Pero algo que Carmiña recuerda con especial cariño es la calidad de las sábanas que solían colocar en la cama de huéspedes cuando era niña y que, aún hoy, tras 70 años de uso, siguen en funcionamiento.
La calidad de los artículos para el hogar de su familia “adoptiva” al regresar del colegio, la llevaron a conectar con su pasión, aunque, entonces, no sabía que terminaría forjando su compañía al redor de las vajillas, manteles y cubiertos:
“Yo nunca he visto ni he vuelto a ver una cosa así. Me conmueve porque detrás de esas cosas hay una manualidad, una cultura, una tradición. Lo hacían en una cooperativa y hoy en día pueda que lo hagan, pero eso será para los jeques. Me volví fue como una esponja. Todo lo que veía me fascinaba y llegaba a mi casa a contarlo. Fue un conflicto de adolescente, porque veía ciertas cosas en la casa de mi amiga y en la mía no había nada. No tenía edad para hacer esos comentarios, quedaba como malcriada, pero después entendí que anda que ver”.

Y a su segunda mentora la conoció en su programa de psicología en la Universidad Javeriana, donde tuvo “la suerte de estudiar todo el tiempo con una señora mucho mayor que yo, entró separada y con tres hijos a la universidad, pero es una bogotana exquisita, criada en Europa, donde había una etiqueta permanente, pero no era nada postizo”.

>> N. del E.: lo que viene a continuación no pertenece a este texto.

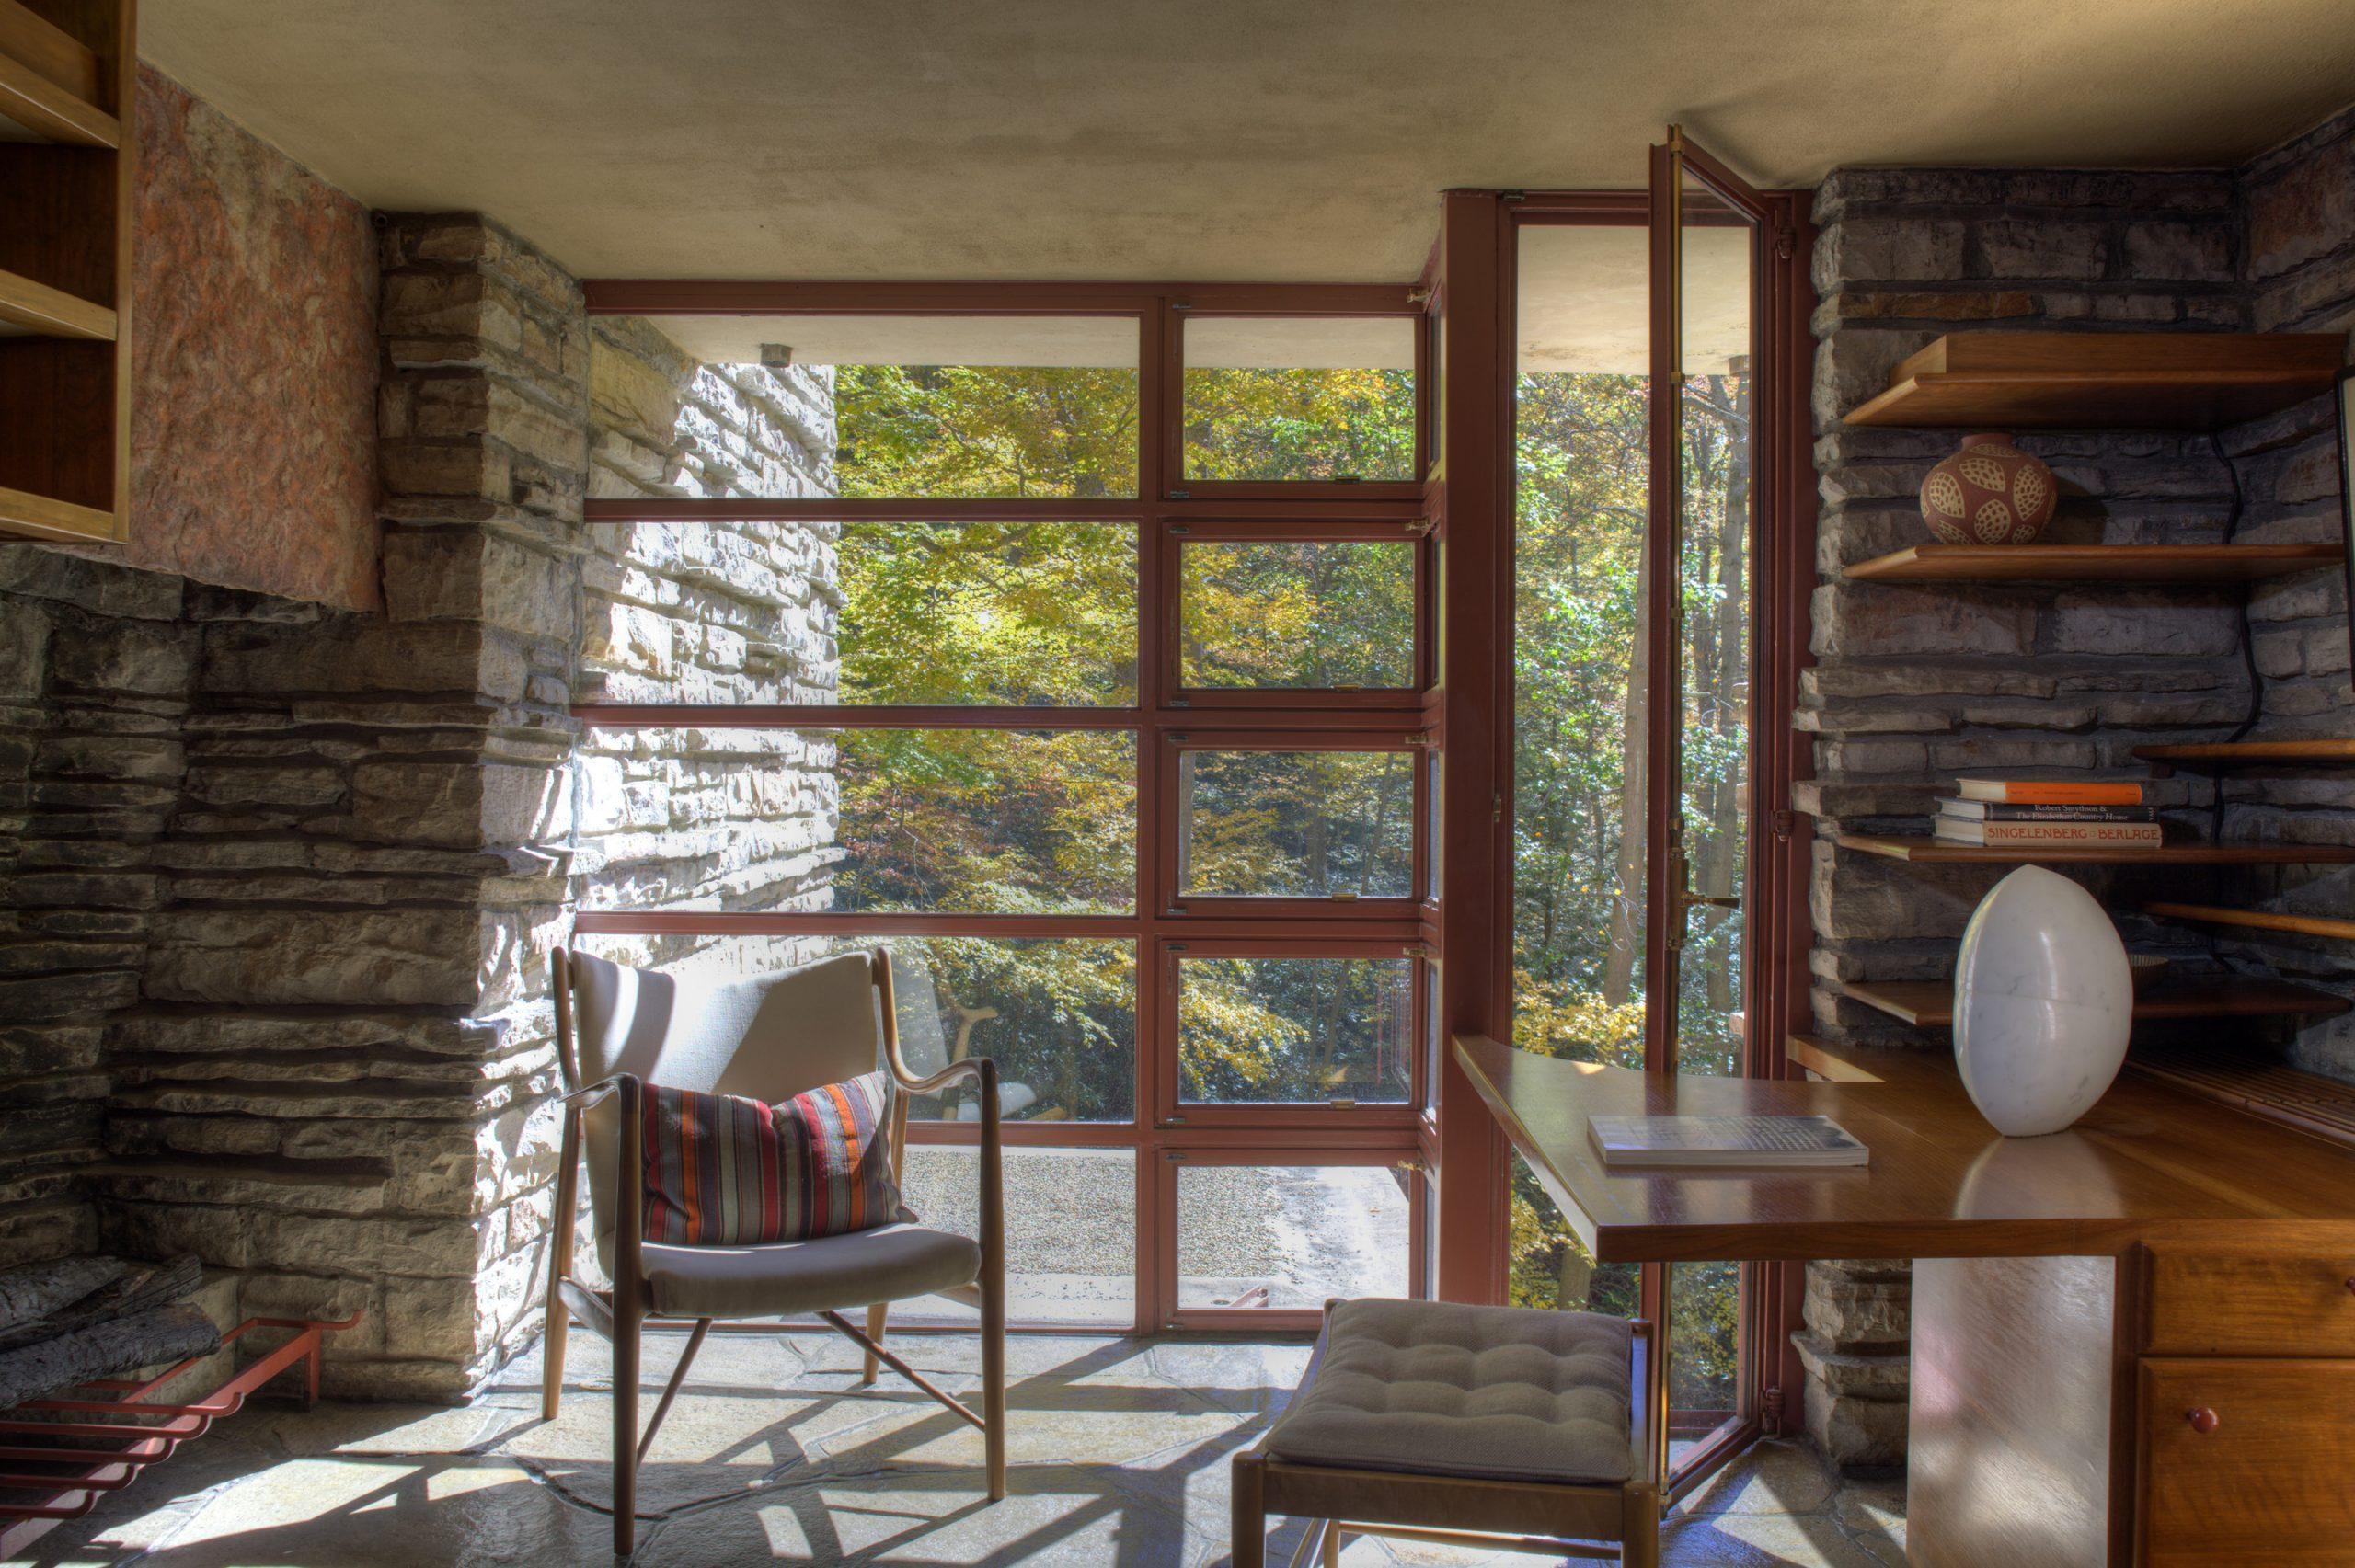 Fallingwater-view-of-Edgar-Kaufmann-jr-study_courtesy-of-the-Western-Pennsylvania-Conservancy-scaled
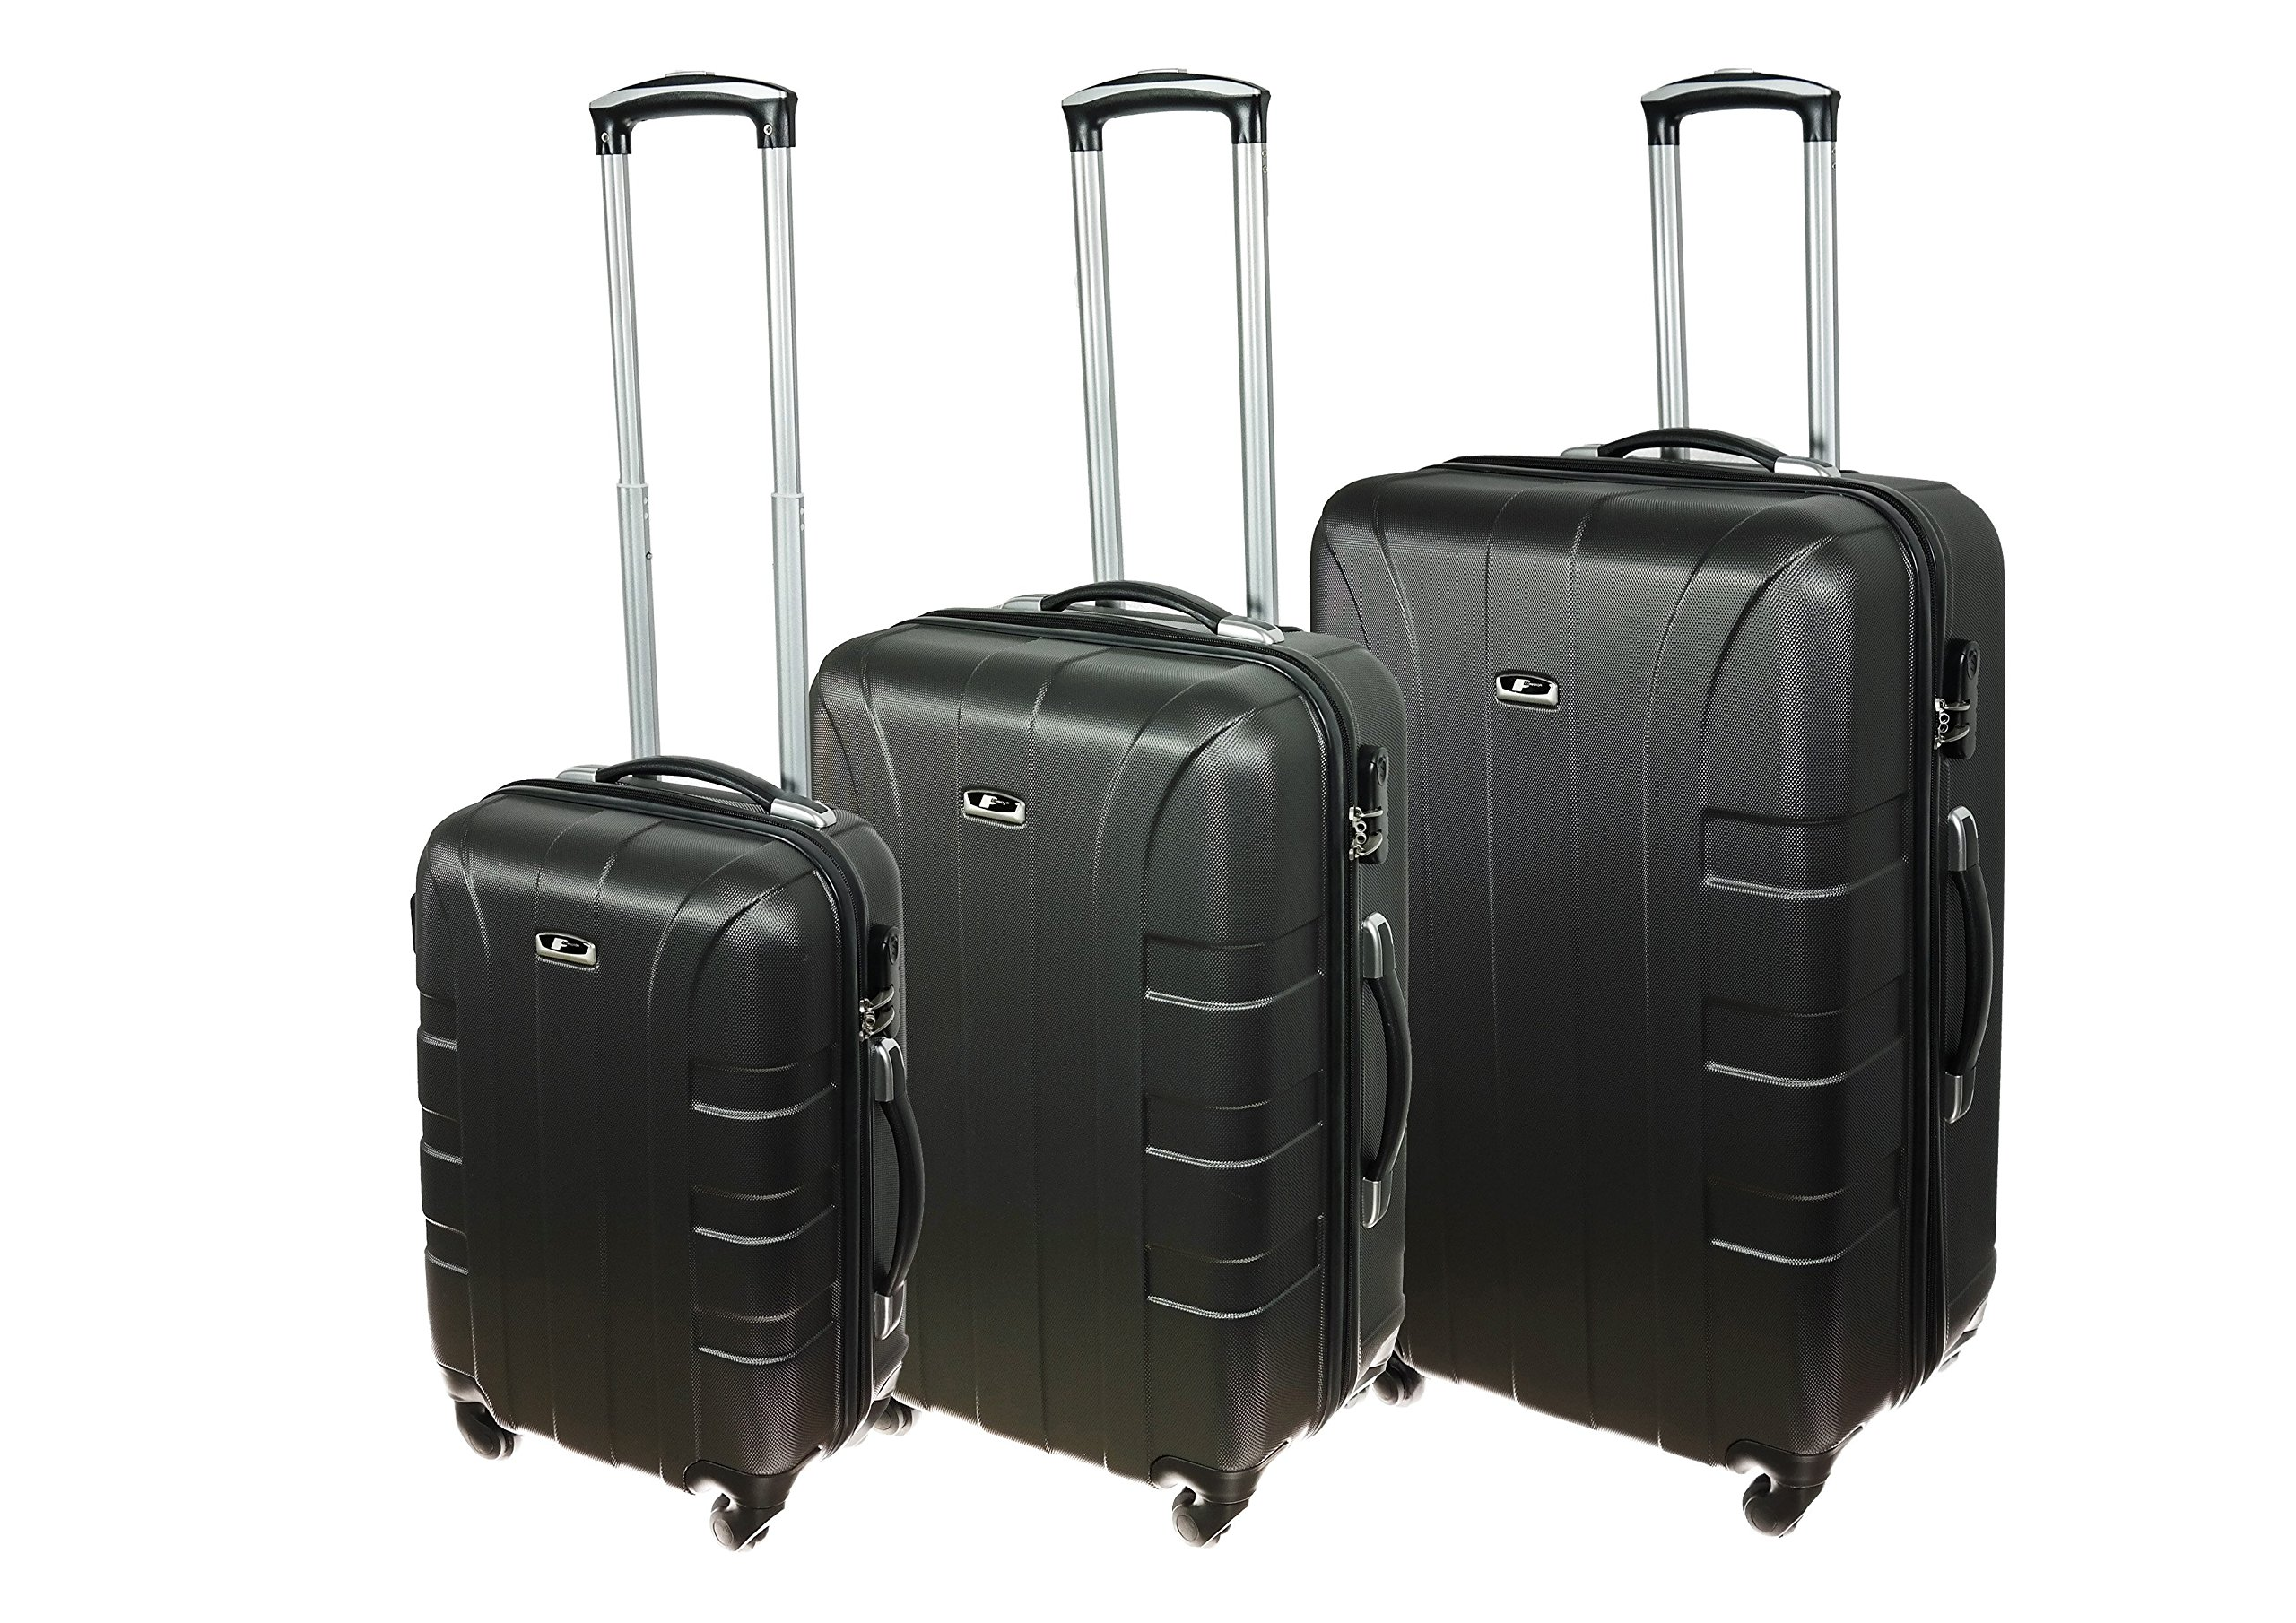 P-Collection-Hartschalen-Kofferset-Trolley-Koffer-Reisekoffer

Las tardes de estudio dejó de pasarlas en la casa de su amiga del Líbano y en una mujer varios años mayor encontró la fascinación por los modales y los rituales que se llevan a cabo en la mesa:
“Nosotros llegábamos a estudiar a su casa porque tenía sus hijos, no podía irse para otro lado, pero la etiqueta de esa casa, para nosotros los estudiantes, seguía siendo la misma con la que ella atendía a sus amigos en la noche. Había un entrenamiento en el personal. Salían las muchachas de guante blanco, con bandejas de plata a servirnos a cada uno y nosotros todos encartados, de verdad”.

Para algunos de sus compañeros de universidad representó un reto, pero Carmiña, nuevamente, se comportó como una esponja y absorbió tanto conocimiento como le fue posible:
“La mayoría en psicología en esa época éramos mujeres y había uno que otro hombre, pero preferían no ir a estudiar allá porque sufrían mucho, no sabían qué hacer, aunque ella nunca nos dijo nada ni nos corrigió. El que quiso aprender, aprendió y yo me dediqué a preguntar”.
Se graduaron y, años más tarde, cuando su amiga se había mudado a Bélgica, Carmiña la visitó en su primer viaje por Europa y, en Bruselas, la acompañó a tiendas de alta categoría a comprar vajillas y otros elementos que la inspiraron a ser la mujer que generó una comunidad de apasionados por la mesa.